Information shown -

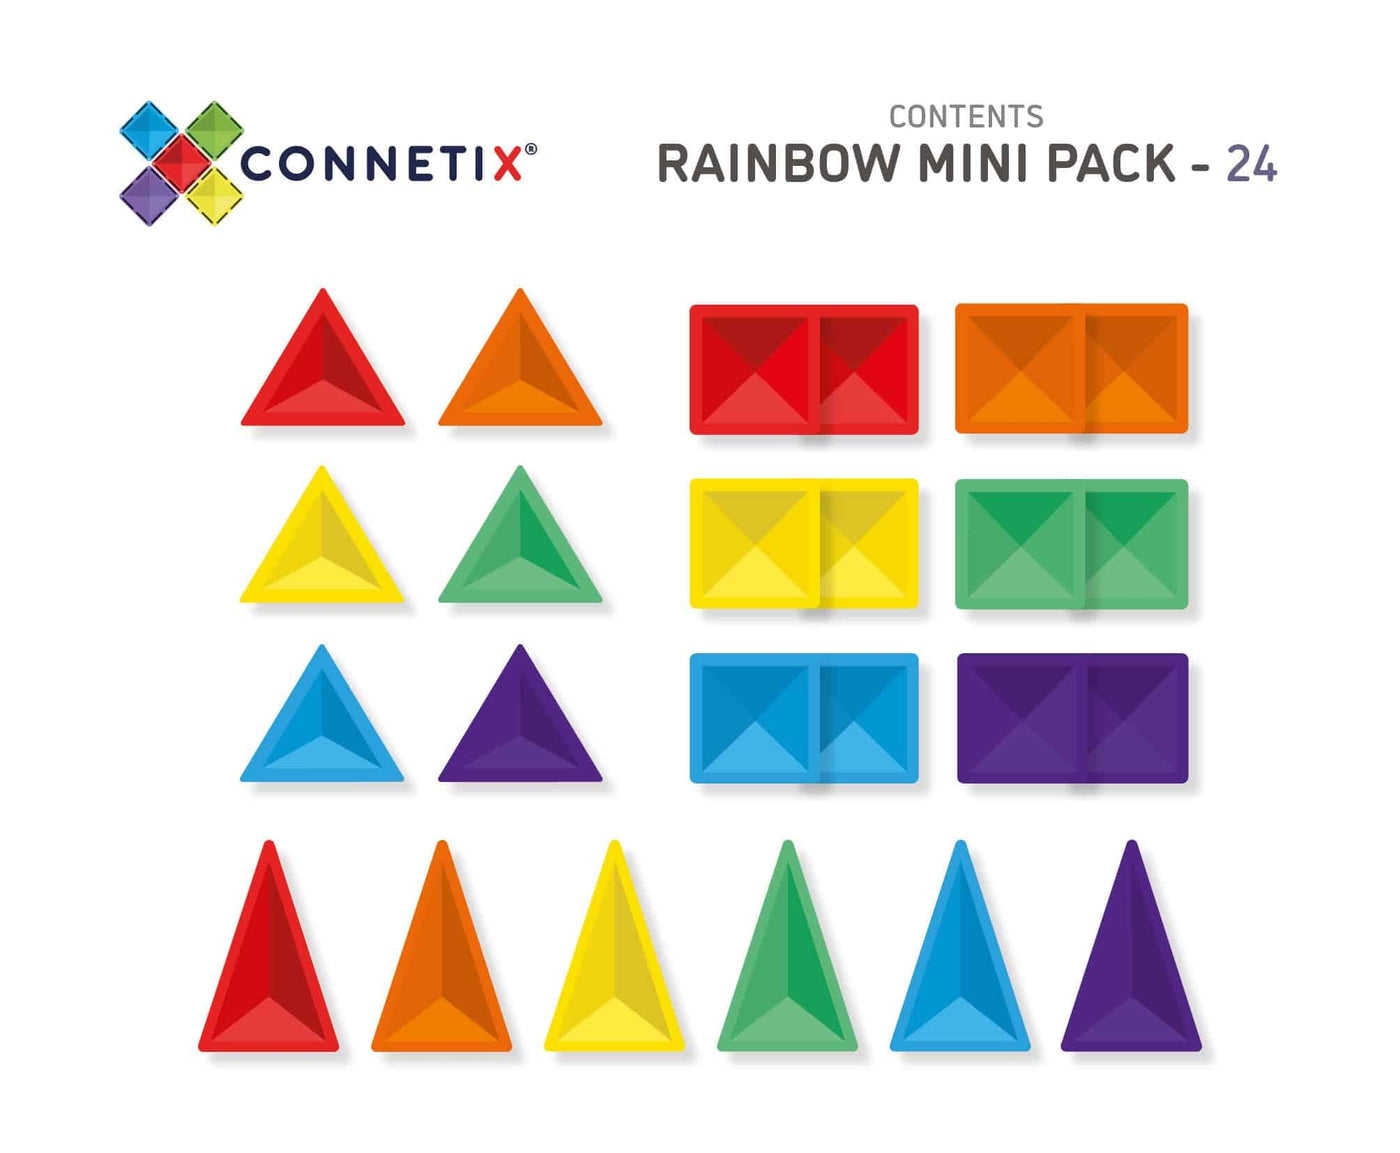 Connetix Rainbow Mini Pack 14 Pc contents
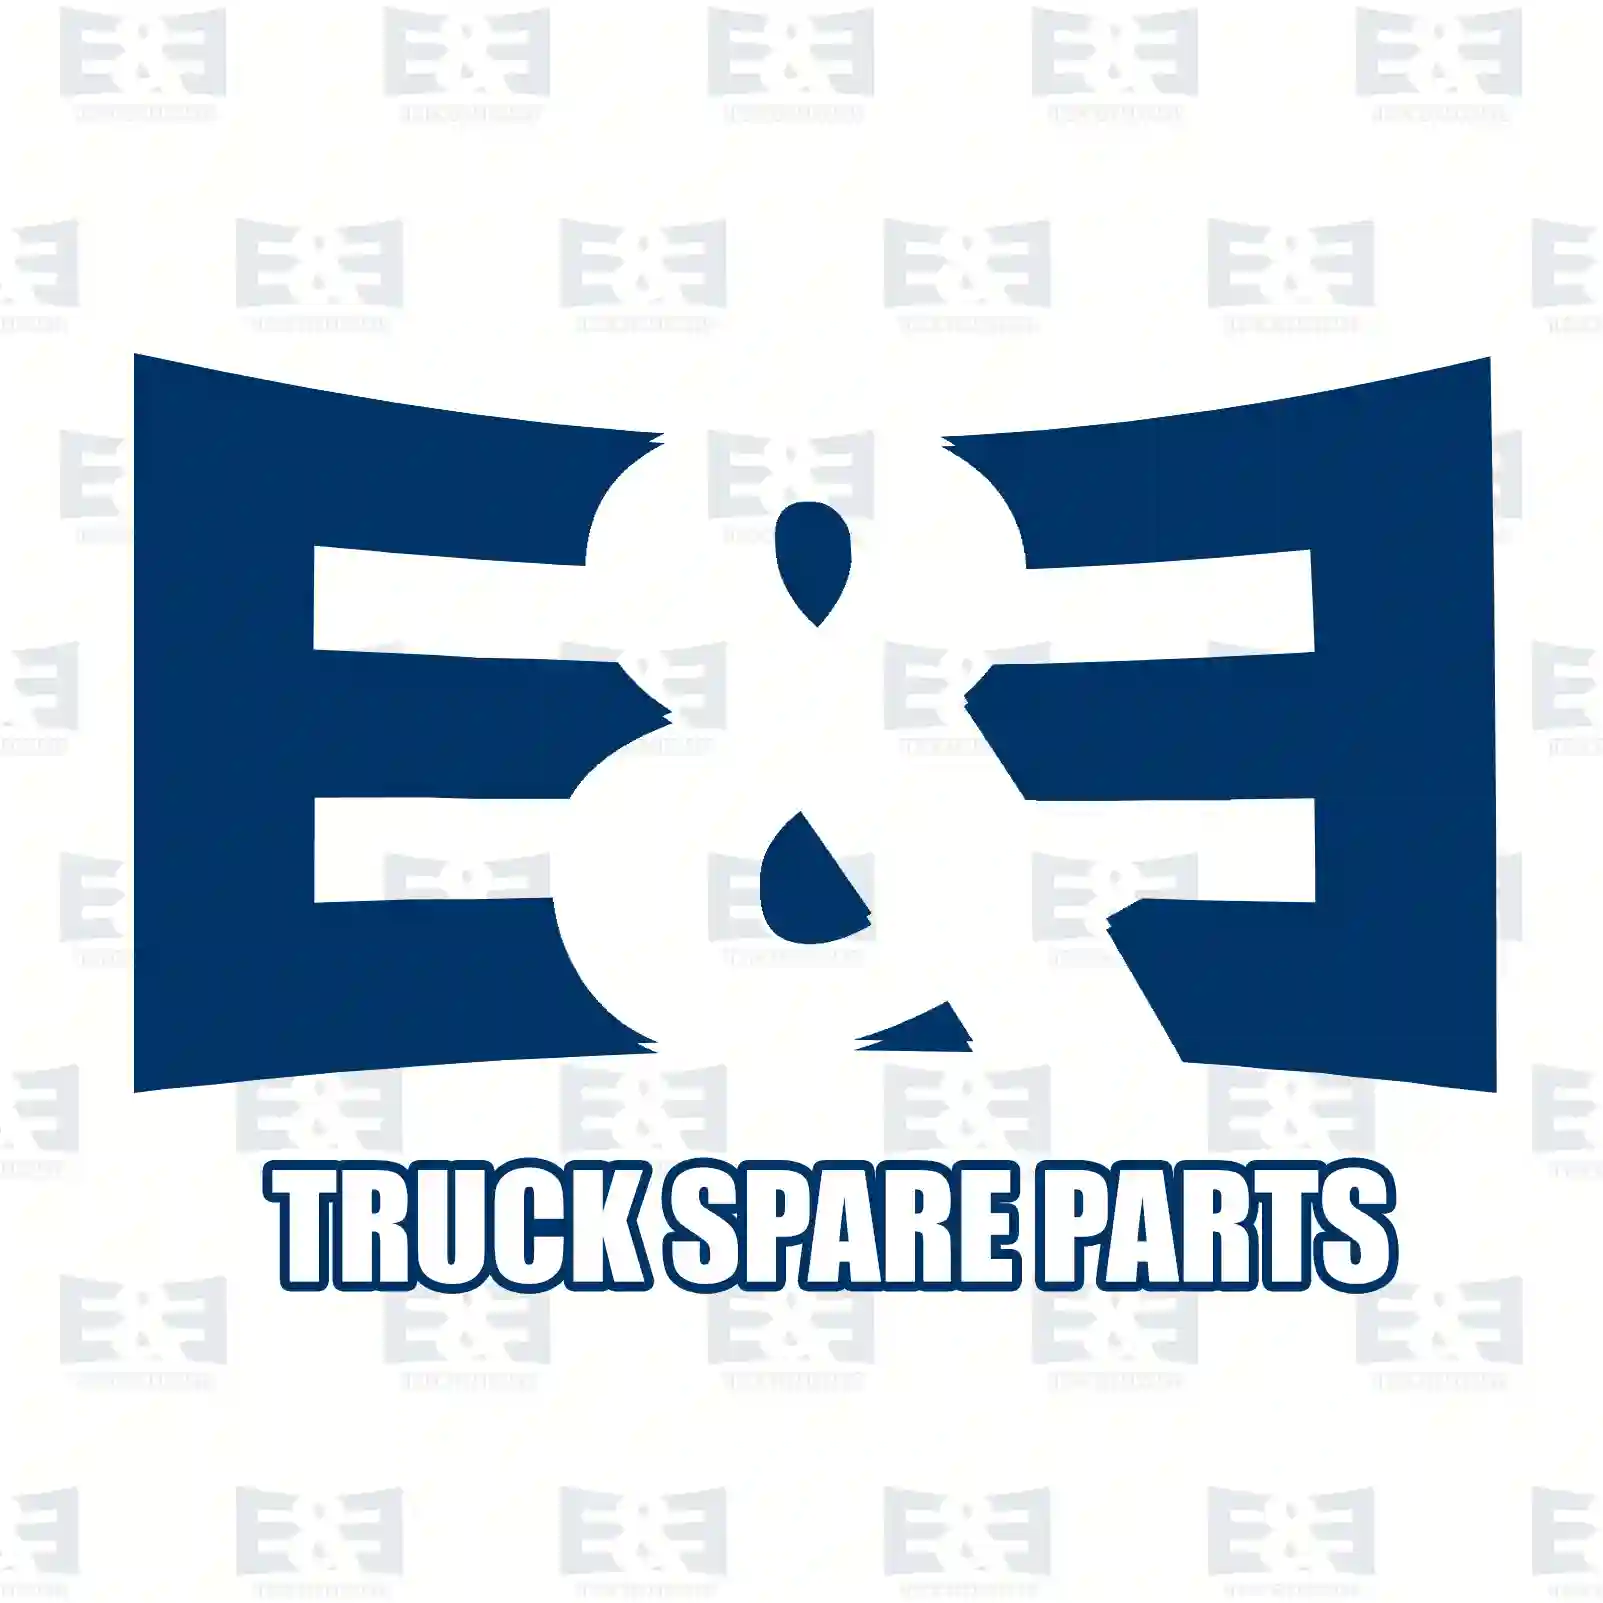 Ball socket, 2E2278954, 7408171932, 8171932, ZG40150-0008 ||  2E2278954 E&E Truck Spare Parts | Truck Spare Parts, Auotomotive Spare Parts Ball socket, 2E2278954, 7408171932, 8171932, ZG40150-0008 ||  2E2278954 E&E Truck Spare Parts | Truck Spare Parts, Auotomotive Spare Parts
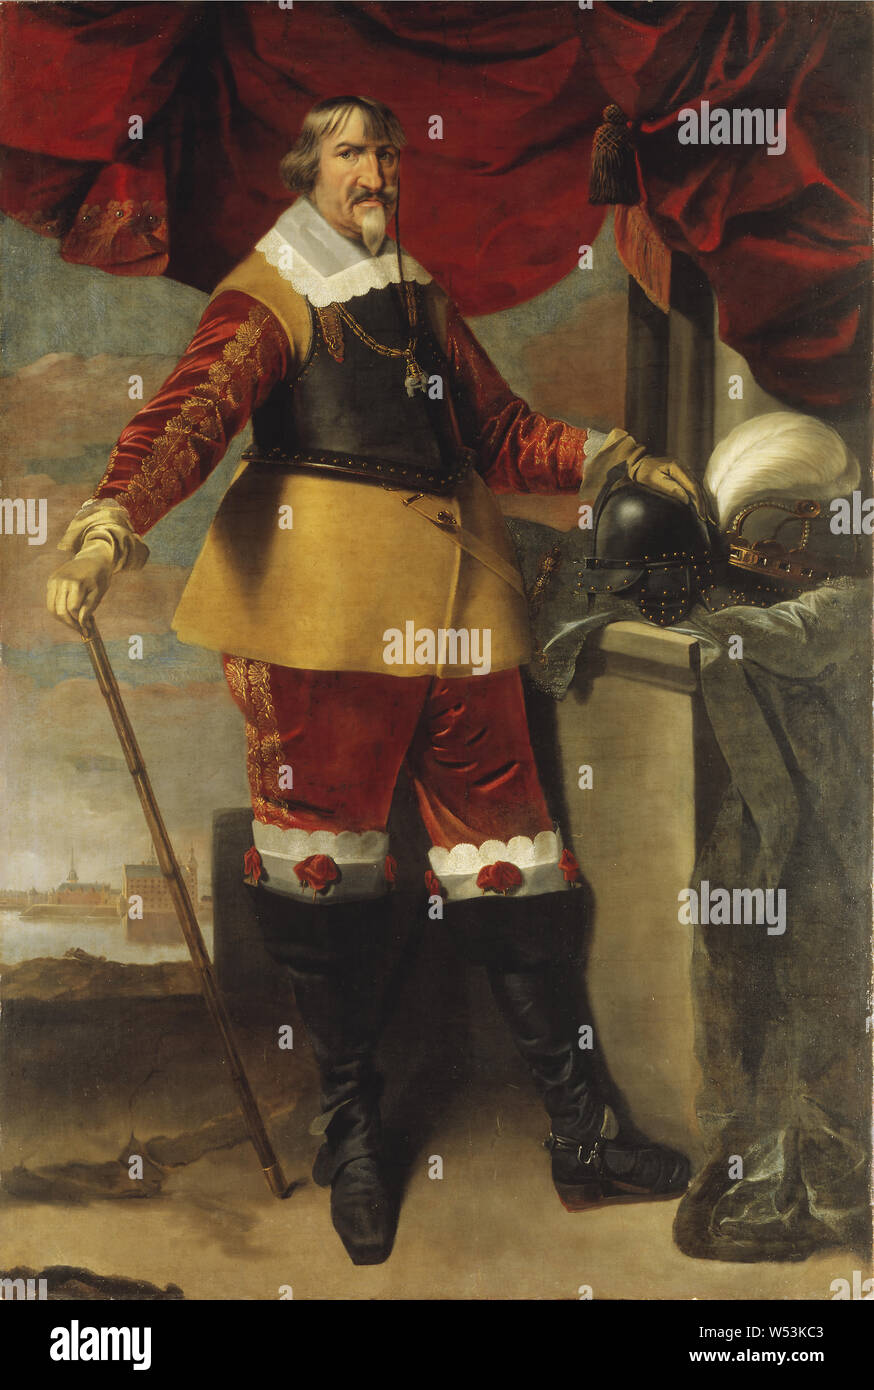 Karel van Mander III., König Christian IV., König Christian IV. von Dänemark, 1577-1648, Christian IV., König von Dänemark und Norwegen, Malerei, zwischen ca. 1643 und ca. 1643, Öl auf Leinwand, Höhe 224 cm (88,1 Zoll), Breite 149 cm (58,6 Zoll) Stockfoto
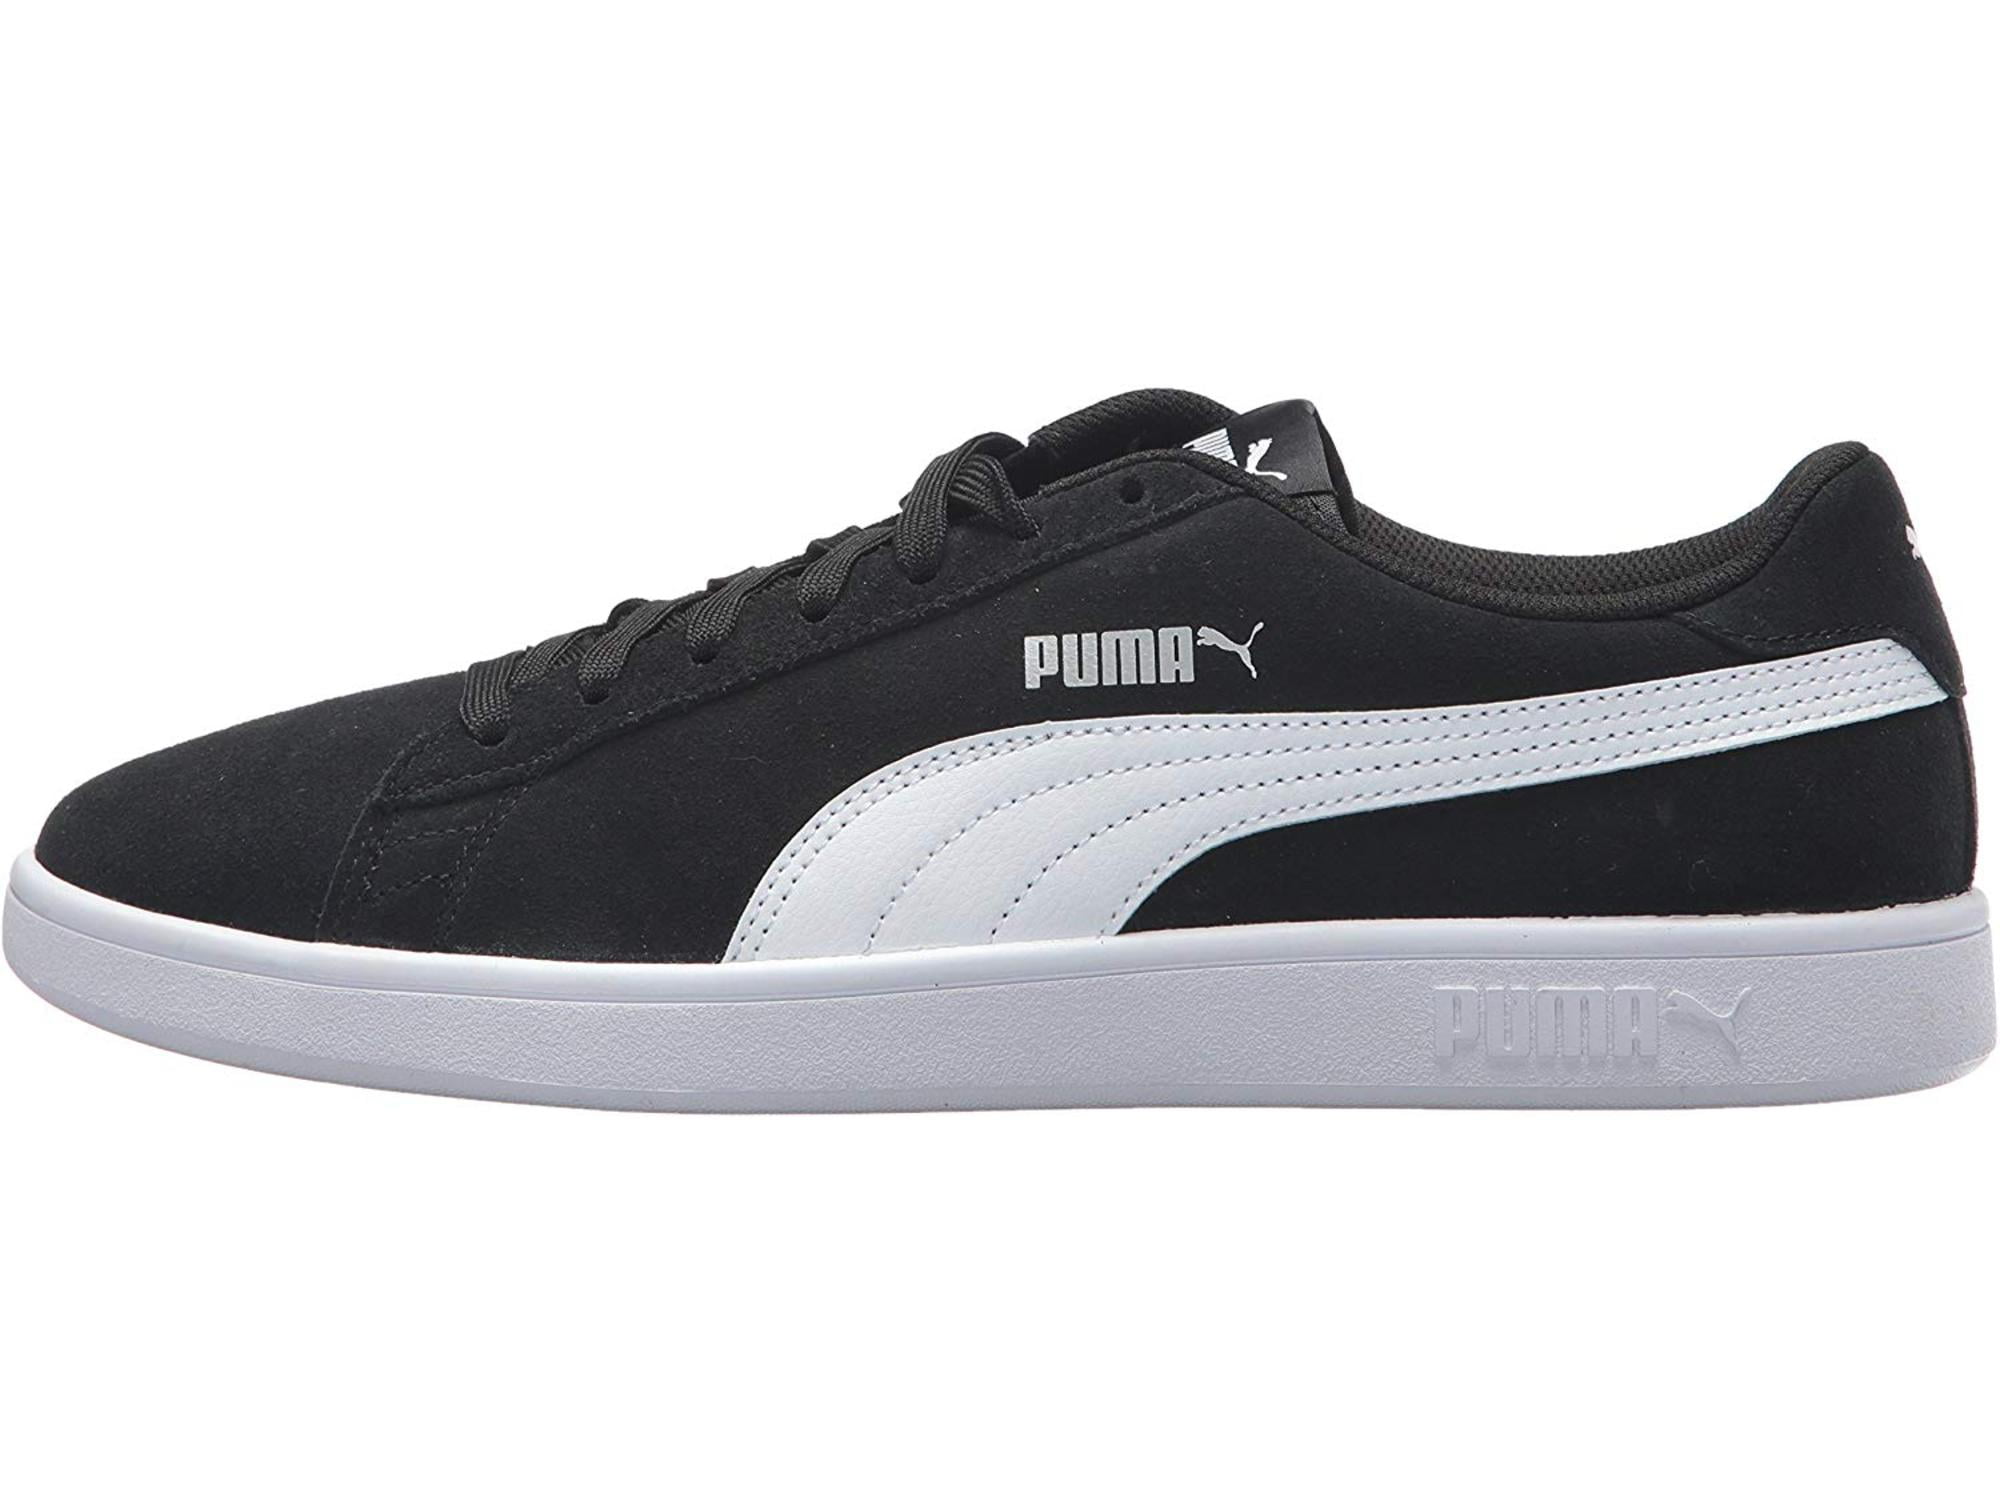 PUMA - PUMA Men's Smash V2 Sneaker, Black, Size 11.0 rx4T - Walmart.com ...

Exercise brief - From the line containing "Karel van Mander" down to the last line of the data, print every line exactly and nothing else. Pictures stay out of the copy.

Problem solution -
 Karel van Mander III., König Christian IV., König Christian IV. von Dänemark, 1577-1648, Christian IV., König von Dänemark und Norwegen, Malerei, zwischen ca. 1643 und ca. 1643, Öl auf Leinwand, Höhe 224 cm (88,1 Zoll), Breite 149 cm (58,6 Zoll) Stockfoto
 PUMA - PUMA Men's Smash V2 Sneaker, Black, Size 11.0 rx4T - Walmart.com ...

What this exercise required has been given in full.